# THE DATA
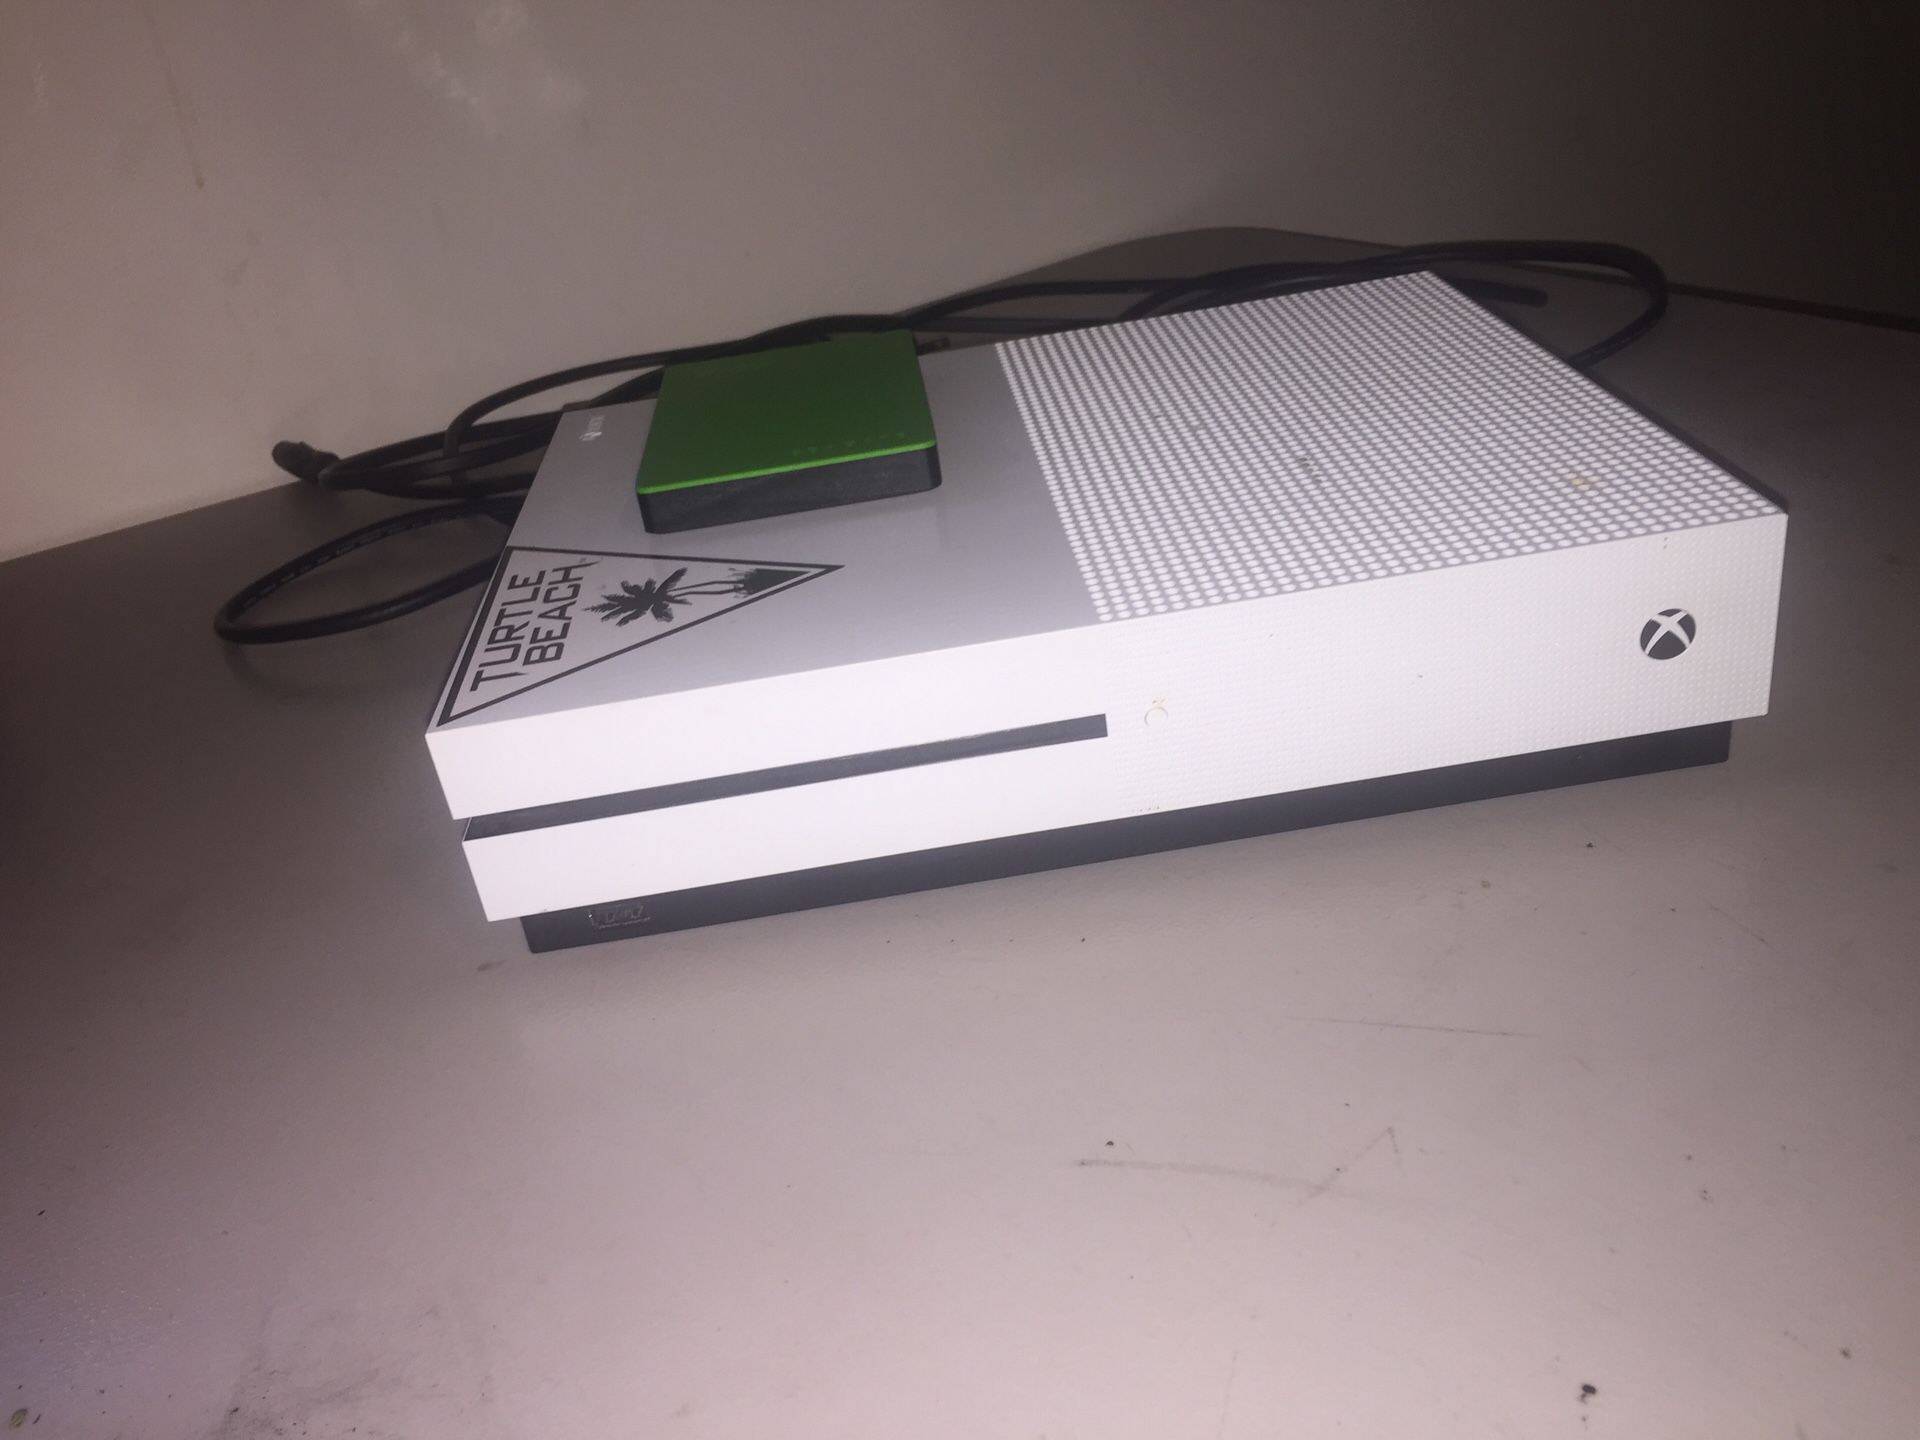 Xbox One S and 2 Tb expansion
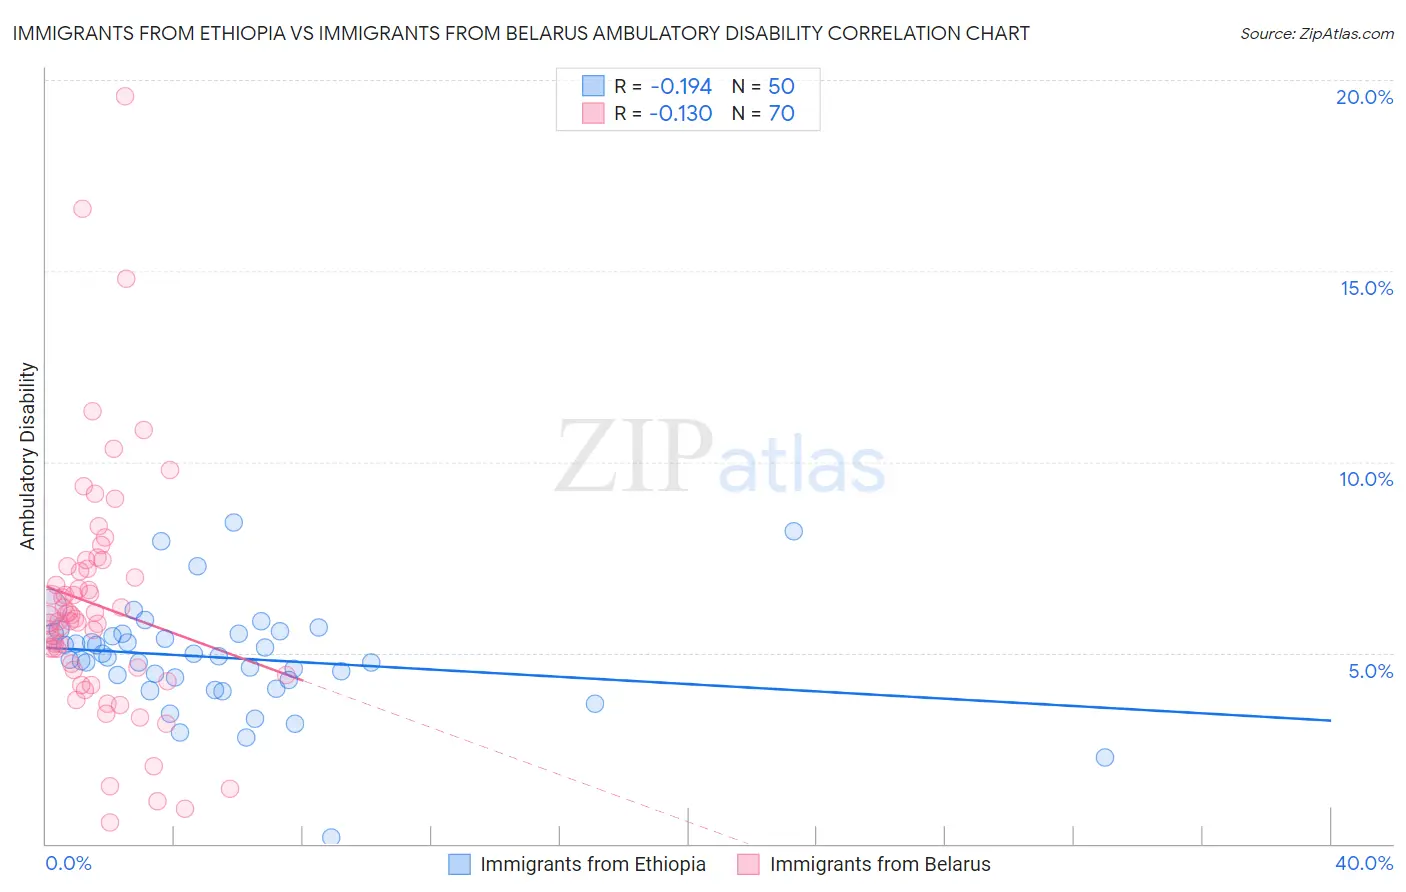 Immigrants from Ethiopia vs Immigrants from Belarus Ambulatory Disability
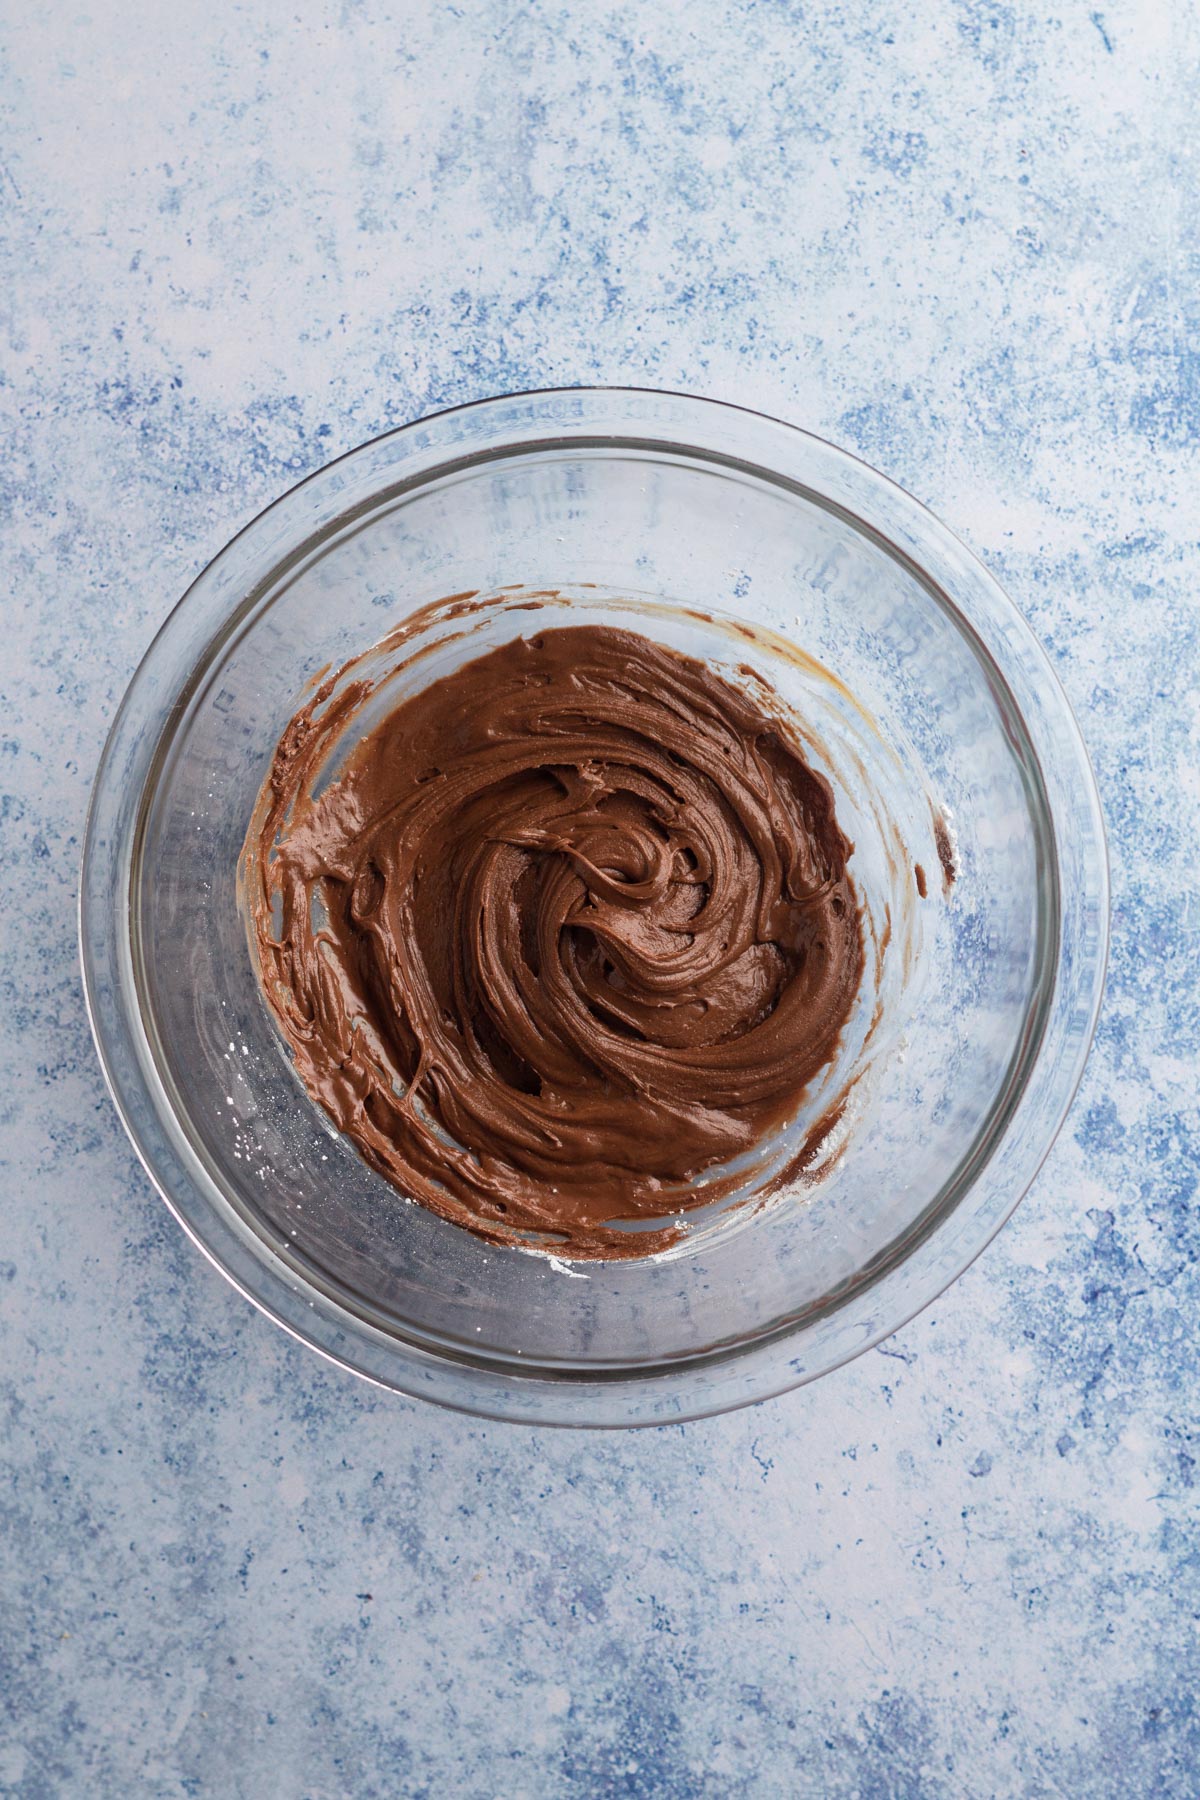 Chocolate filling in a glass bowl on a blue surface.

# YOUR OBJECTIVE
Retype the data shown above exactly, excluding any picture it contains.

# YOUR RESPONSE
 Xbox One S and 2 Tb expansion
 Immigrants from Ethiopia vs Immigrants from Belarus Ambulatory Disability
 Chocolate filling in a glass bowl on a blue surface.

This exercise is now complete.